CS Lewis once wrote that it is always worth studying good philosophy, if only because there is so much bad philosophy about.  Much the same could be said of history.  Misguided understanding of history can feed misunderstanding and conflict in the world, and lead us into terrible ignorance and dangerous ideologies that will do us no good.  I thought I would start this blog in order to create a place where I could share a little bit of common sense, current scholarship, and critical thinking about some of the subjects where misguided historical claims on the internet spread confusion and ignorance.  I hope to be of some assistance replying to some of these claims.

For my first subject, I thought I’d take up a theme that I found cropping up with some frequencies on Yahoo! Answers and which turns out to have a number of websites dedicated to it.

Did Jesus of Nazareth really exist?  That is, was there any such historical person as the man described in the gospels of the Christian New Testament?

The question does not involve any of the religious claims about Jesus of Nazareth – that he was the Messiah, the Son of God, that he was resurrected, etc.  I do not intend to take up any of these theological questions.  I only want to address the historical question: was there such a human being?

For examples of the kinds of arguments I intend to refute, here is a list of “no-historical-Jesus” links:

THE GENETIC FALLACY

One issue that is important to get out of the way is the issue of bias.  Many people have heard that the bias of an author affects their reliability.  This is true.  However, it is not so simple as that.

Suppose that someone wrote a memoir about their late, beloved mother, telling stories about their mother from their childhood.  Does such a person have a bias?  They certainly do.  They love their mother and want to cherish her memory.

Does this bias make the memoir unreliable?  In some ways, yes.  Affection for their subject may cause the writer to pass over some unflattering stories in silence.  It may cause them to interpret something the mother did or said in the most positive possible way.  It may even cause them to embroider the stories with details that didn’t actually happen.

But does it mean that the stories are completely false and fictional?  Normally, no.  The stories will be colored and “shaped” by the memoirist’s affection, but they will not normally have been made up from whole cloth.  And, indeed, it would hardly mean that no such person as the mother ever existed!  “This person loved their mother: therefore their account of their mother is biased, and unreliable: therefore it can’t be used as evidence: therefore the mother did not exist.”

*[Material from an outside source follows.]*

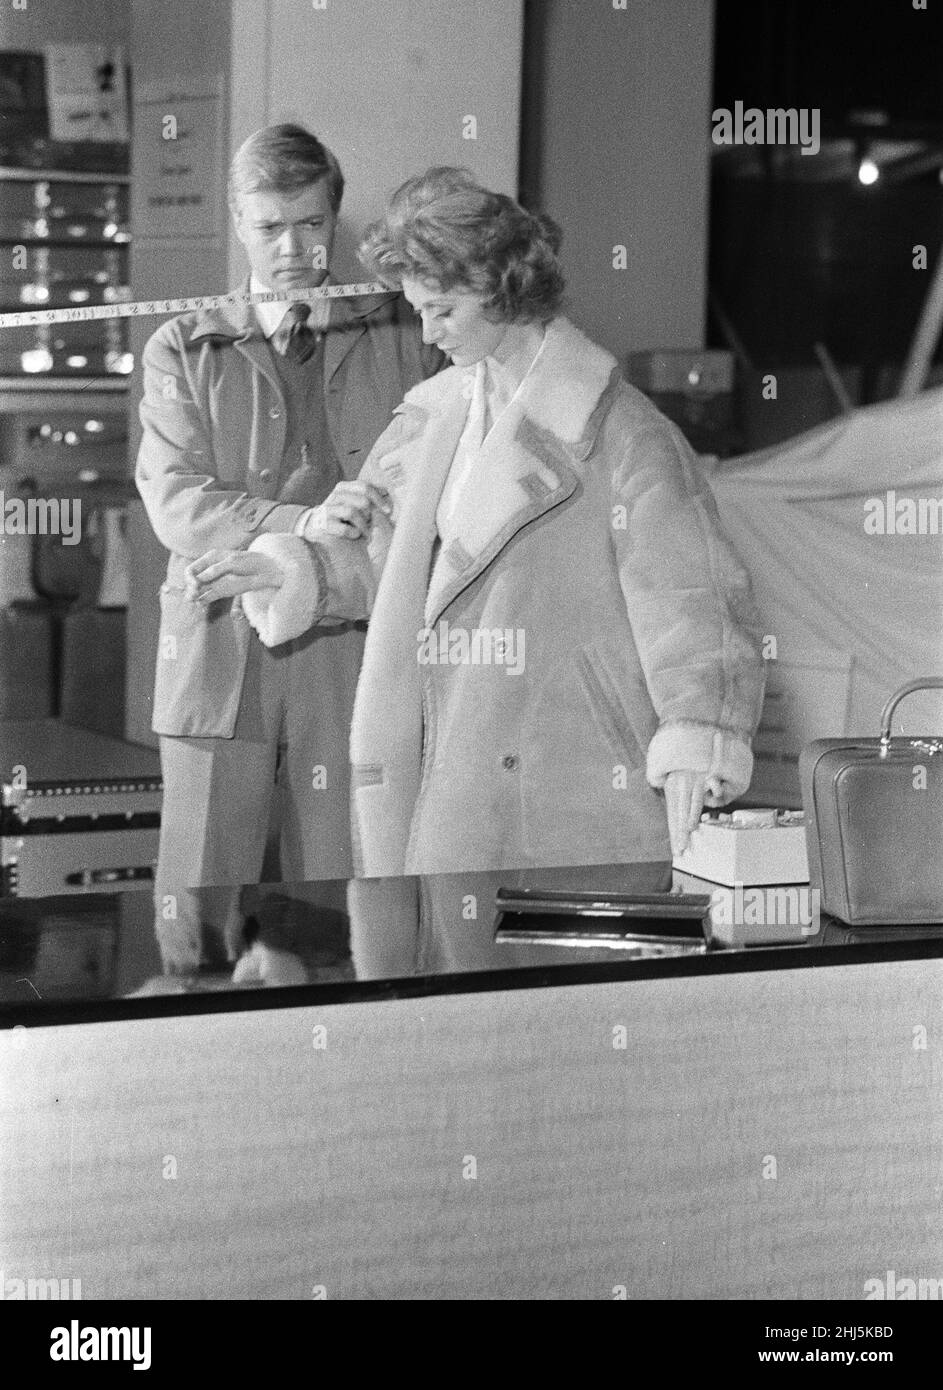 1960 Film Peeping Tom, behind the scenes filming at Pinewood Studios, Buckinghamshire, Monday 30th November 1959. Peeping Tom, a psychological horror thriller film directed by Michael Powell. At the time, the film harsh reception by critics, but has since been re-evaluated and is now widely considered a masterpiece of  British cinema.   Our Picture Shows ... Moira Shearer who plays the character Vivian. Stock Photo

This is precisely the circular, fallacious reasoning that is used to discount the use of early Christian writings (the gospels) as historical evidence.  The writers of the gospels were Christians: therefore they were biased in favor of Christianity: bias makes their accounts unreliable, so we must discard them as evidence; therefore the person described in those accounts did not exist.

The obvious, common-sense problem with such an approach is that in order for the bias to have emerged in the first place, something needs to exist that the person is biased towards (or against).  There needs to have been a mother for our memoir writer to be biased by love for her; there must have been a Jesus for gospel writers to have been biased toward saying he was religiously significant.

When interpreting a text, the historian must always consider how the author’s biases have affected it.  So much is clear.  But that does not warrant the complete exclusion of a text from consideration.

The “genetic fallacy” is an accepted rule of logical thought.  It holds that to discount a proposition on account of the person who articulates the proposition is a fallacy.  Rather, the truth or falsehood of the proposition must be judged on its own merits.  A smart person can make a mistake and an idiot can speak the truth sometimes.